One group is a quantifier that is not used, only one character is replaced at a time, the execution time is as follows, and it occupies 938M memory.

Regular expression: [\s\S] Execution time: 2651 ms
---------------------------------------
Regular expression: [\w\W] Execution time: 2515 ms
---------------------------------------
Regular expression: [\d\D] Execution time: 2187 ms
---------------------------------------
Regular expression: (.|\n) Execution time: 2470 ms
---------------------------------------
Regular expression: (?s).
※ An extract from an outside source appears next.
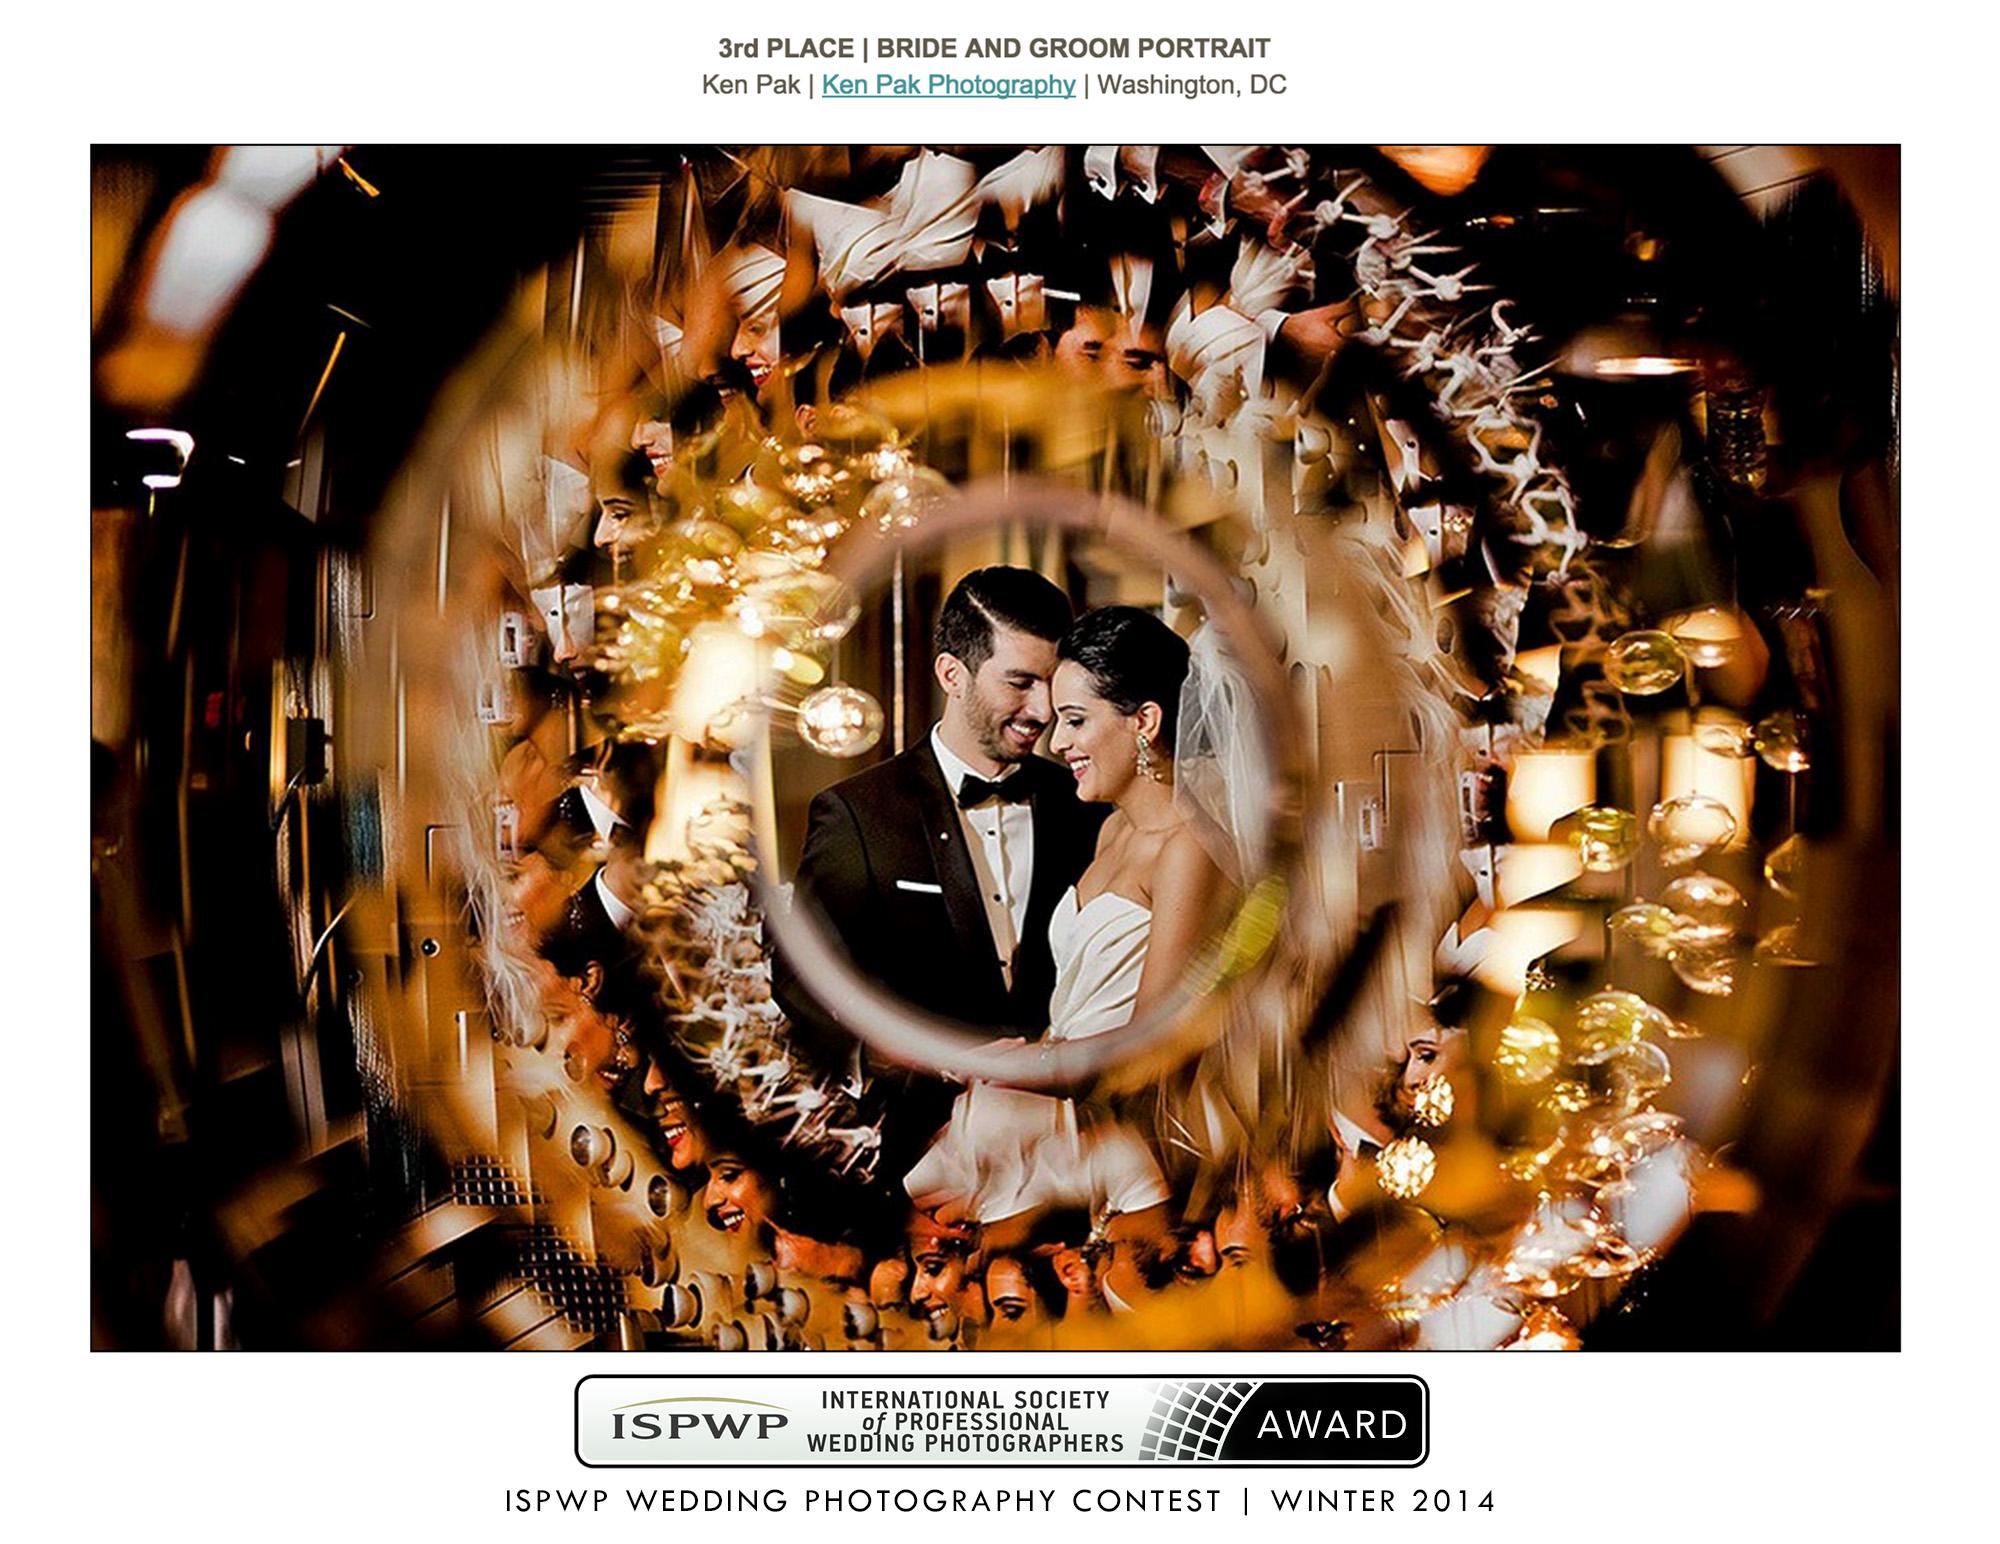 ISPWP 2014 WINTER BRIDE & GROOM PORTRAIT 3.jpg

Execution time: 1969 ms

Another group uses quantifiers, replacing all characters at once, the execution time is as follows, and occupies 1128M memory.

Test results (with quantifiers)
Regular expression: [\s\S]+ Execution time: 249 ms
---------------------------------------
Regular expression: [\w\W]+ Execution time: 348 ms
---------------------------------------
Regular expression: [\d\D]+ Execution time: 198 ms
---------------------------------------
Regular expression: (.|\n)+ Execution time: 879 ms
---------------------------------------
Regular expression: (?s).+ Execution time: 113 ms
---------------------------------------

Test results analysis:

The most efficient matching is the "." ", which uses Singleline, a matching pattern, "."
The second is "[\d\D]", while the matching efficiency of "(.|\n)" is the lowest
The matching efficiency of "[\s\S]" is centered, but it is used to be more useful.

Note: Since the engines supported by each language are different, even if the same engine is used, the optimizations to regularity are different. Therefore, the above performance test conclusions may only apply to .NET.